May 3

The Iconic Cars of The Blues Brothers: A Tribute to the Bluesmobile

Last Updated on May 8, 2024

With their music, style, and unforgettable adventures, the Blues Brothers, portrayed by John Belushi and Dan Aykroyd, have left an indelible mark on pop culture. However, one aspect of the legendary comedy duo often goes unsung. It’s the iconic Bluesmobile! Let’s explore the impact this ride had on automotive history along with all the other cars that played a crucial role in the Blues Brothers’ movies.

“It’s 106 miles to Chicago, we got a full tank of gas, half a pack of cigarettes, it’s dark… and we’re wearing sunglasses.”

Elwood Blues

“Hit it.”

Jake Blues

The Bluesmobile: Monaco’s Police Car Heritage

When Jake Blues (John Belushi) is released from prison, his brother Elwood (Dan Aykroyd) picks him up in a decommissioned 1974 Dodge Monaco police car.
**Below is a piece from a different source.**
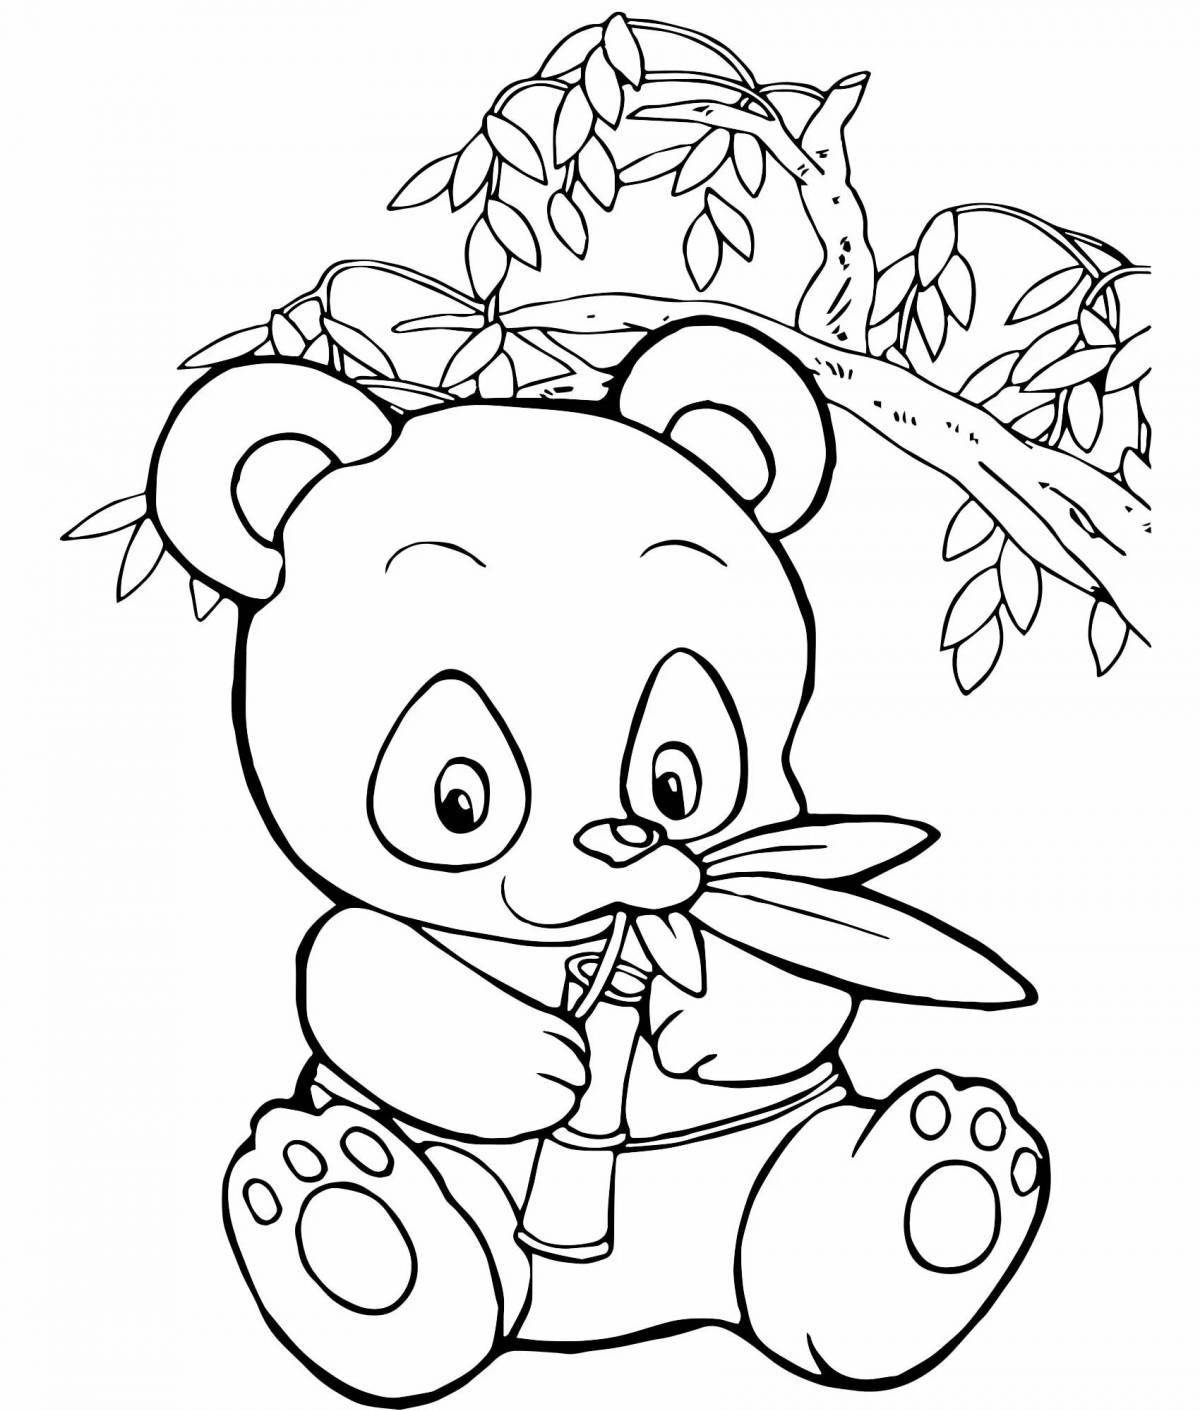 Funny panda coloring for kids

This car, dubbed the “Bluesmobile,” becomes their trusted companion throughout the movie as the guys attempt to save the orphanage where they grew up.

The iconic Bluesmobile. Credit: hotcars.com

“It’s an old Mount Prospect police car.”

Elwood Blues

“The day I get out of prison, my own brother picks me up in a police car.”

Jake Blues

The Dodge Monaco was a popular choice for cop cars in the 1970s due to its sturdy construction and powerful engine options. And just like those vehicles, the Bluesmobile was equipped with a 440 cubic inch (7.2L) V8 engine, which produced around 220 horsepower and 350 lb-ft of torque. That provided ample power for Jake and Elwood Blues in their high-speed pursuits, daring escapes, and it helped them perform seemingly impossible stunts.

The Fate of the Original Bluesmobile

Despite its seemingly indestructible nature in the movie, the original Bluesmobile actually met a tragic end. In the film’s climactic chase scene, the car is driven through the Daley Center in Chicago, and after all is said done, falls apart piece by piece until only the frame remains.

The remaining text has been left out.